- **Supplied information**
§
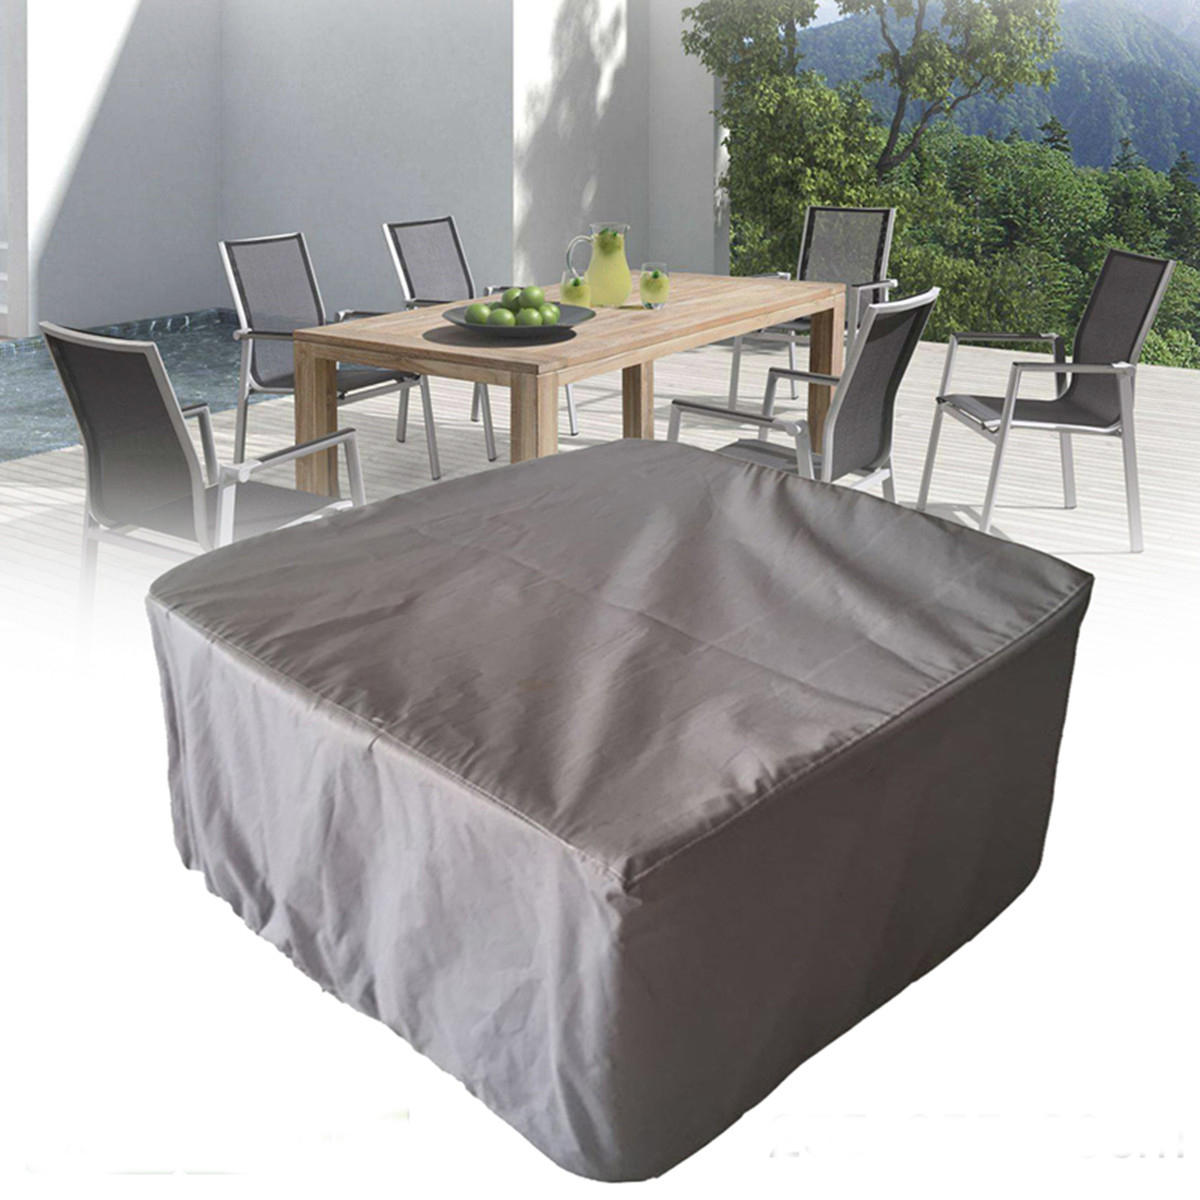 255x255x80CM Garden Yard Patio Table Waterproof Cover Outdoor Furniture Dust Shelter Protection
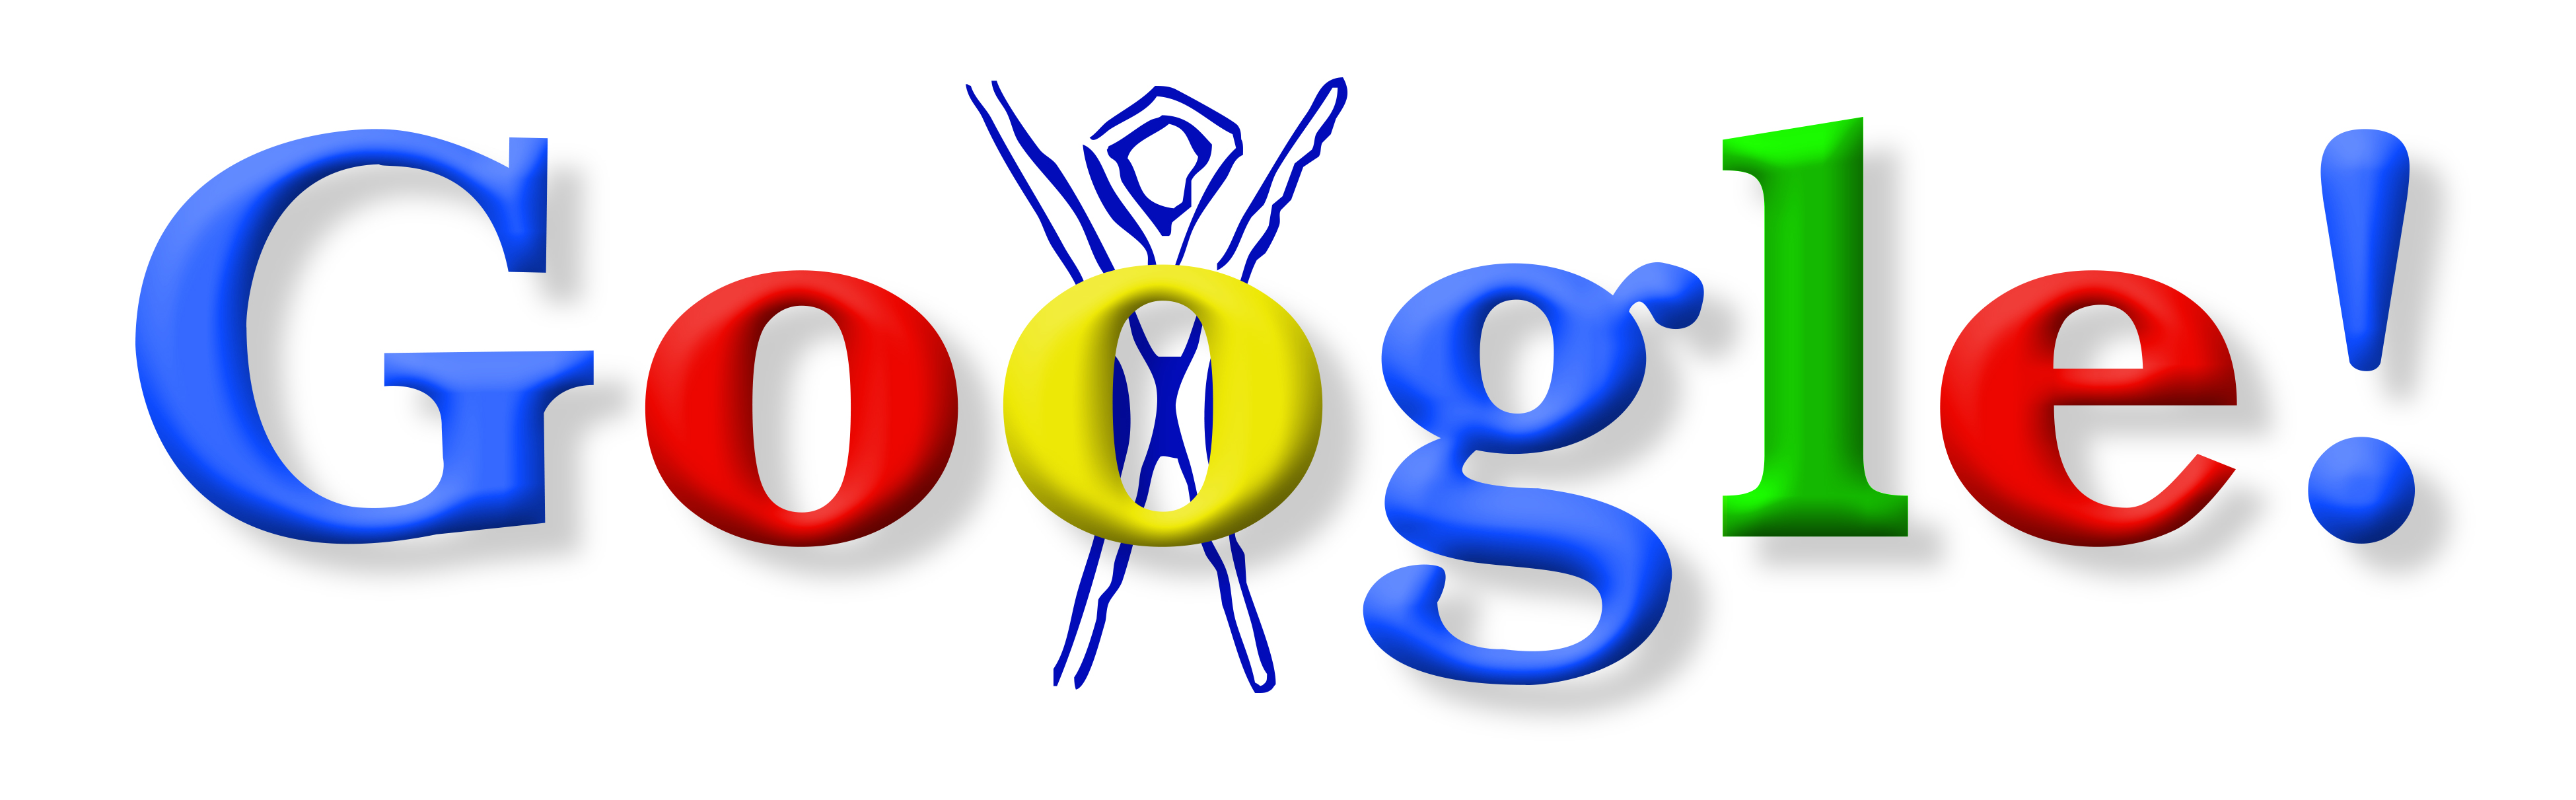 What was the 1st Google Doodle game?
§
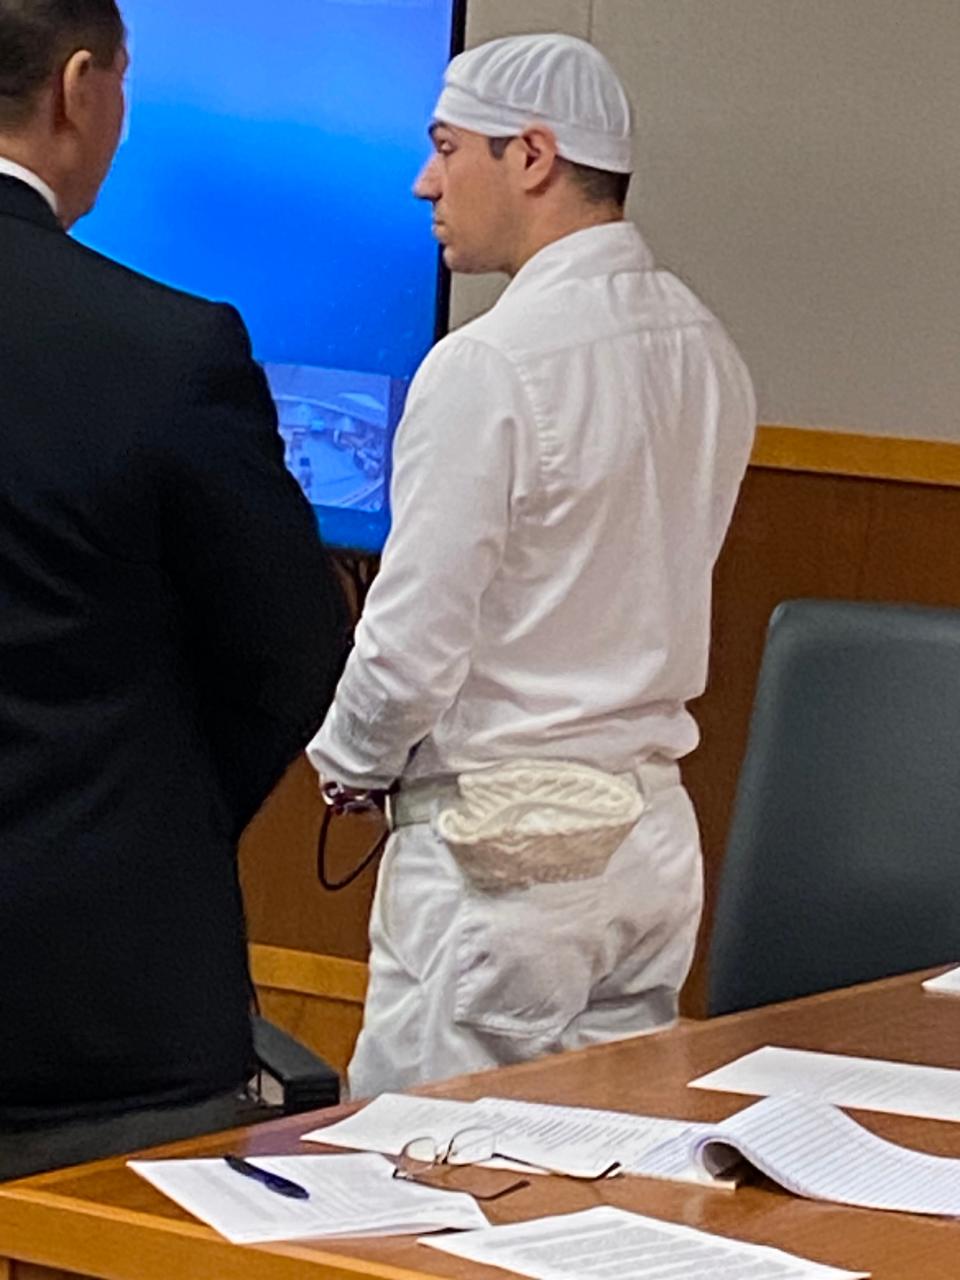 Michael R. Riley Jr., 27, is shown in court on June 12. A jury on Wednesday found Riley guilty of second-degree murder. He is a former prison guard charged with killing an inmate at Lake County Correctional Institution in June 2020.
§
- **Task item**
Both boundary lines included, write out word for word only the lines above from the one containing "255x255x80CM Garden Yard" to the one containing "What was the 1st Google Doodle game?", leaving out any pictures.

- **Completed task**
 255x255x80CM Garden Yard Patio Table Waterproof Cover Outdoor Furniture Dust Shelter Protection
 What was the 1st Google Doodle game?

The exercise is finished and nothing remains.